We have seven different events for Black Futures Month, all of those taking place during the actual work day, so it’s an important component of this inside to outside piece that I was saying. Let’s make sure that we’re making beyond the right case. We’re making the business case for this work as well internally and carving out spaces in our everyday work, even as important as the ACLU’s everyday work is, to be able to uplift the experience of the folks who are affiliated with our ERGs, so I think that’s a really important point to make here.

What Brandon was saying, I think was really resonating with some folks around how folks can get involved with ally-ship and accomplice-ship, I would even say, and I think elevating folks as the ERGs have done. I would also want to say that our AAPI, and that’s Asian-American Pacific Islander ERG, our AMEMSA ERG, which is Arab, Middle Eastern, Muslim South Asian community, so that’s AMEMSA. That may be a new acronym for folks.

All of those ERGs also created self-education spaces this summer, so again, doing that work themselves without asking Black folks to do that labor around anti-racism work, so really important point there. This is the job of allies. This is what an accomplice-ship looks like. You all hear me all the time, “Do your internal work first before you ask other folks to do it for you.” There’s a lot of resources out there.

So related to this, I wanted to kick to Whitney to see if Whitney wanted to talk a little bit about how we saw companies respond in all kinds of ways over the summer for the [inaudible 00:44:43] uprising for Black Lives. Some were inspiring and accompanied by some real change and then some were rather cringe-worthy.
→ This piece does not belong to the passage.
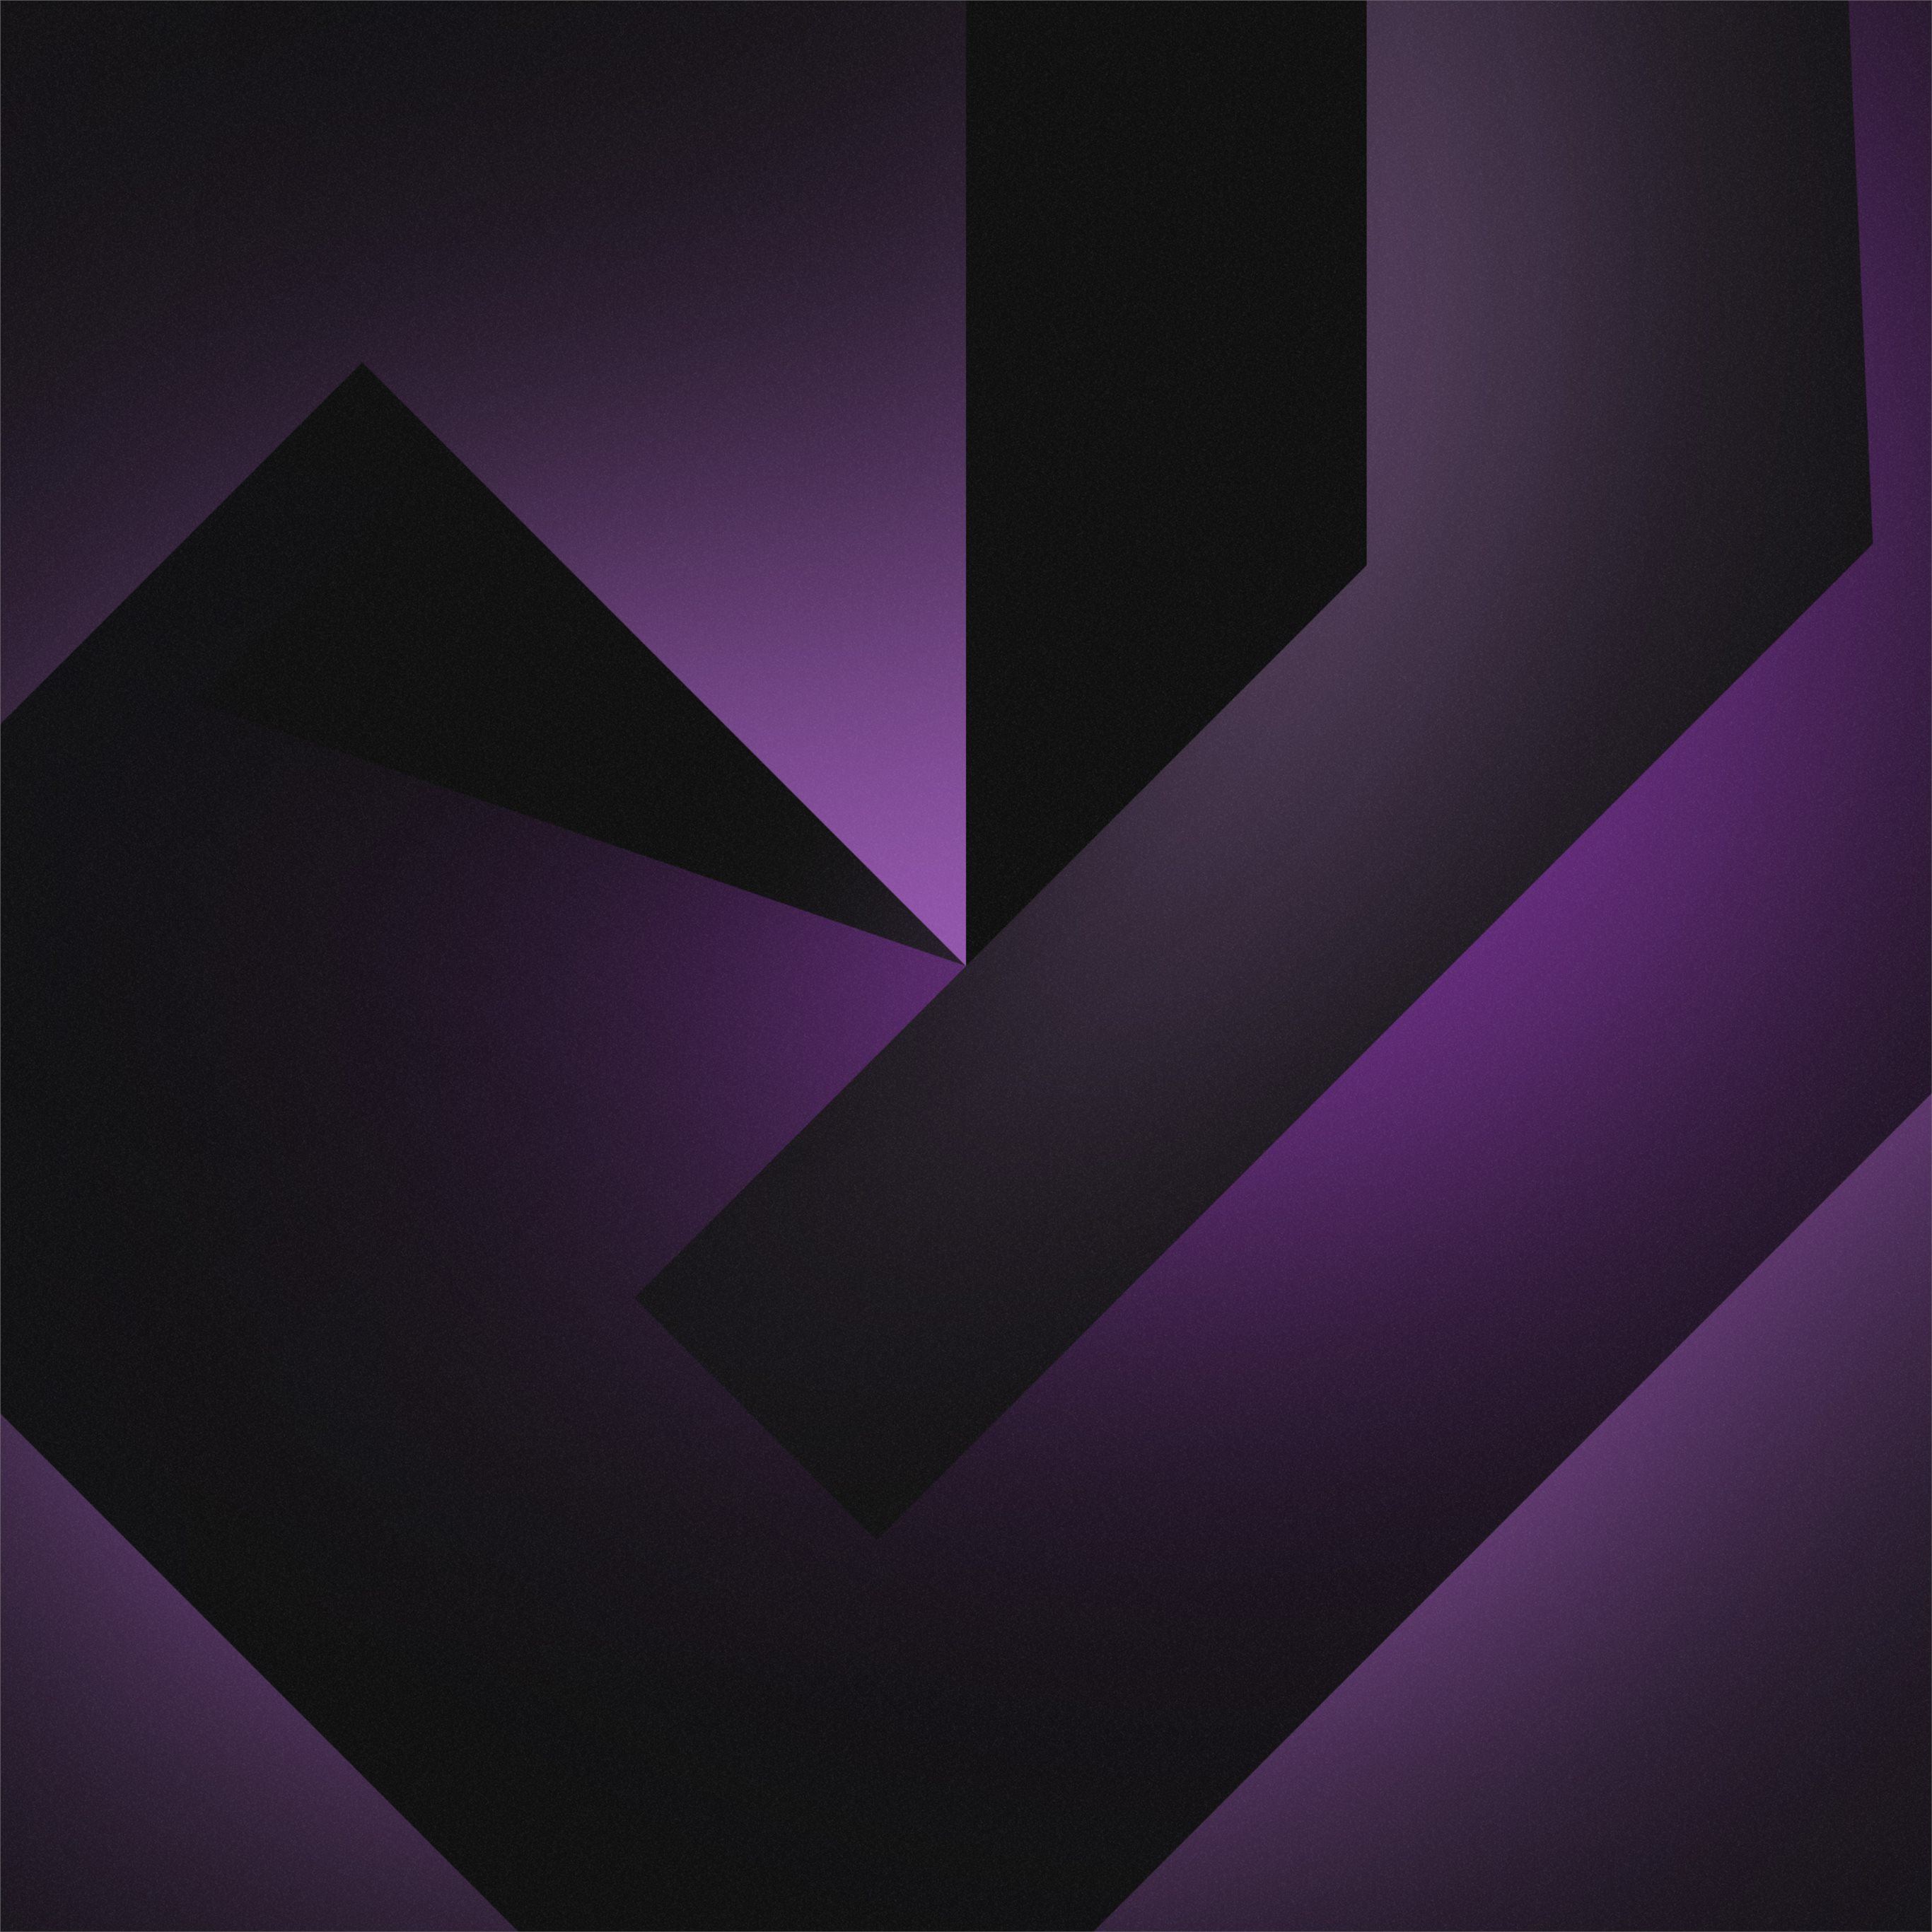 abstract dark purple 4k iPad Pro Wallpapers Free Download

Whitney, especially in your full-time position outside of the ERG, I know that you do a lot of work with corporations. What were some things that you saw that worked? What didn’t work, and worst, what do you feel like caused harm?

WHITNEY BARNES: Yeah, just for a little bit of additional context, my team works with companies in the private sector to further the ACLU’s advocacy marketing communication goals and of course fundraising goals as our team sits in the development department. So we had a slew of interest from companies, especially over the summer, to donate to our racial justice work, and I believe the accountability work, and we really wanted to take pause and interrogate those donations and say, “Why are you donating to us?”

And through that, we were really able to come up with this analysis of what works best during these moments and what doesn’t, and just to go through a couple of them, I think first it’s really checking on your Black employees. I don’t think any communication should be going out, no statements should be released until there is a space or at least an email to your Black employees to check on them first and see how they are mentally doing at work.

I think it’s taking the time to really outline your commitment. I think it was very clear over the summer which companies were just listing diversity, equity, inclusion commitments they already had and weren’t being very responsive to the moment in their employees’ feedback. And then there were companies who were saying, “This is what we’re doing. This is what we’re planning to do based on employee feedback in the moment at hand, and this is what we’re going to do.”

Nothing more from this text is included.